Bubble Texture

Bubble Texture

My best-laid plans have gone awry, so I am going to show you a short piece I did back in 2012. Texture seems to be a popular topic so this should fit right in. Although this is an older post if you want to comment or ask about it you can.

People seem to be interested in how to make bubbles in felt. I know there is more than one way but this is how I did it. This is the storey of my bubble hat. I had made a renaissance hat form Chad Alice Hagen’s hat book. I t was to show a group of ladies that were taking a hat class with me. It is a big hat made on a resist that is shaped like a big droopy mushroom. When you finish it you make wrinkles in it and clothespin them till it dries. The problem is it looks great if you push it all forward and take a picture but from the back, it doesn’t look very good. I am sorry I don’t have a picture of it at that point.

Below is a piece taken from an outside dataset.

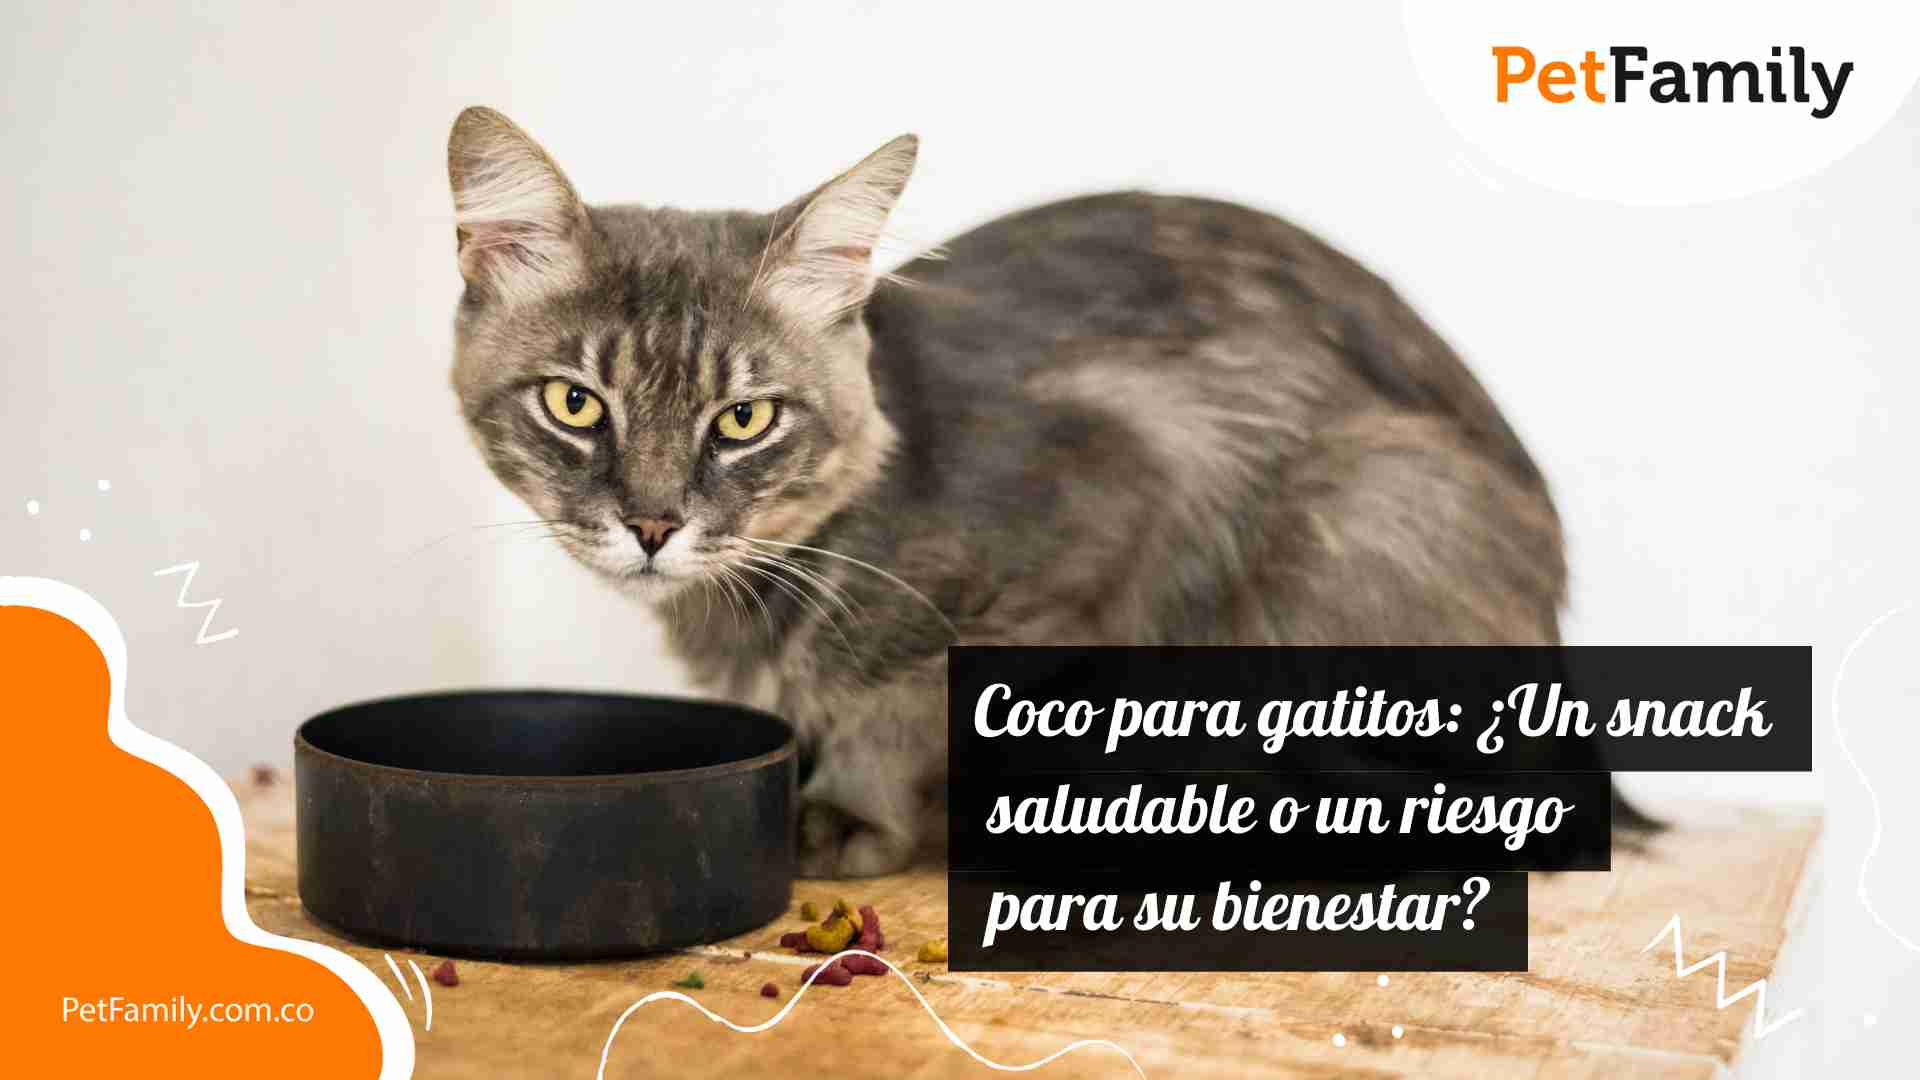 Coco para gatitos: ¿Un snack saludable o un riesgo para su bienestar? 

What I did was use a shibori dying technique. I used felt balls but marbles or crumple tinfoil will work the same. I started in the middle. You pull the felt around the ball and tie it off as tight as you can. Move out from there repeating the wrap and tie. When it was all done I dropped it in a simmering dye bath. I let it boil for about an hour. When using this as a dye technique it is usually done on a non-felting fabric so you open it up later and flatten it out you have a die pattern. When you do it to felt at a boil it felts more and the bubble shapes stay in. Making bubbles takes a lot of felt. The hat would fit my dog now. If you put your hands in like a puppet it makes s great Muppet monster.

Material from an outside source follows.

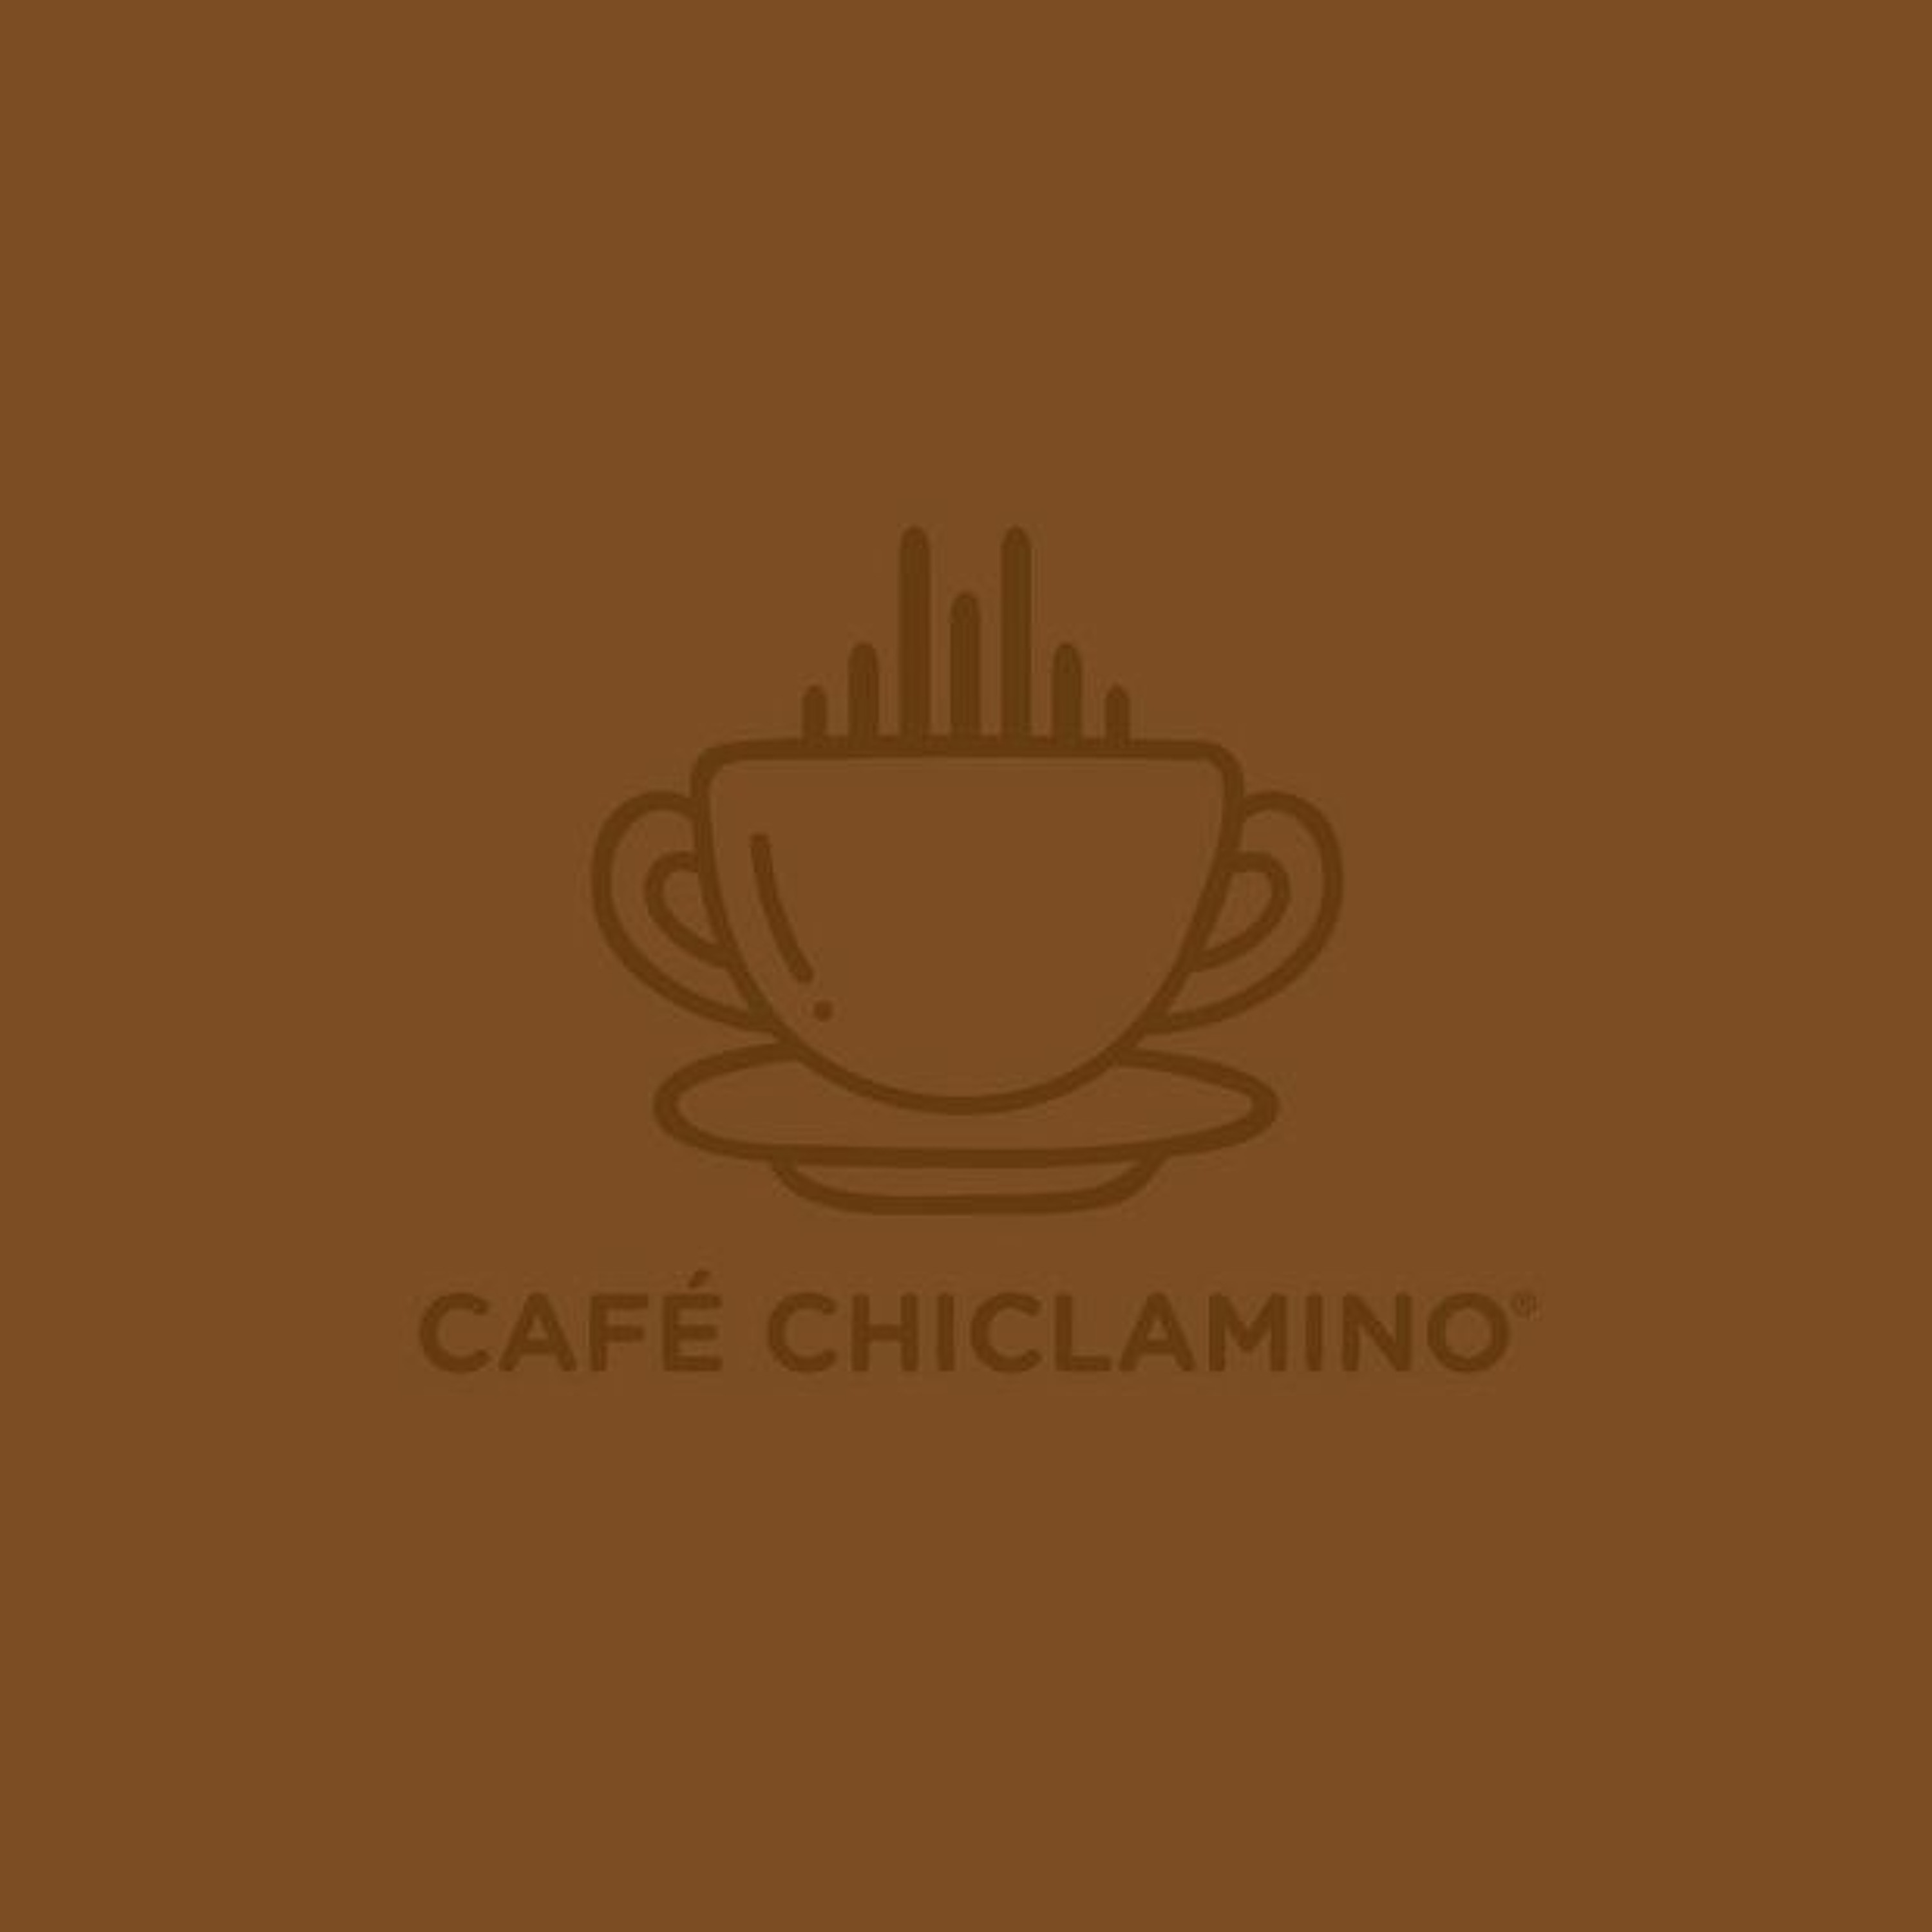 Café Chiclamino: El trabajo perfecto

12 thoughts on “Bubble Texture

  1. …but would your dog wear it?

    The dye pattern looks terrific, worth fiddling around with, and the technique is interesting. I love the turquoise in with the blue.

  2. No, my dog won’t wear it. She has better fashion sense than that. It is an interesting dye effect on the wool, you get more resistance because the wool self resists in the folds much more then cotton or silk would. I makes a nice pattern on silk and cotton. I saw a movie on a master shibori designer. It is a very painstaking process of tying and dyeing. The results wear fantastic but it took 1 year to make 1 kimono. It was a multicoloured scene of mount Fuji across the sleeves and back as if it were all one. I can’t find a picture of it. if you google shibori kimonos you can see that many of the patterns are made by tying up little tiny bits of the fabric.

    1. No, It is probably in the bottom of a bin somewhere. Fortunately our last dog was not a chewer or shredder. We are currently dogless. we will have another in the not so distant future. We can’t decide what type we want and the house would have to be puppy proofed again.

  3. I love the colors and design of the shibori. I don’t think I would have used it for the bubbles.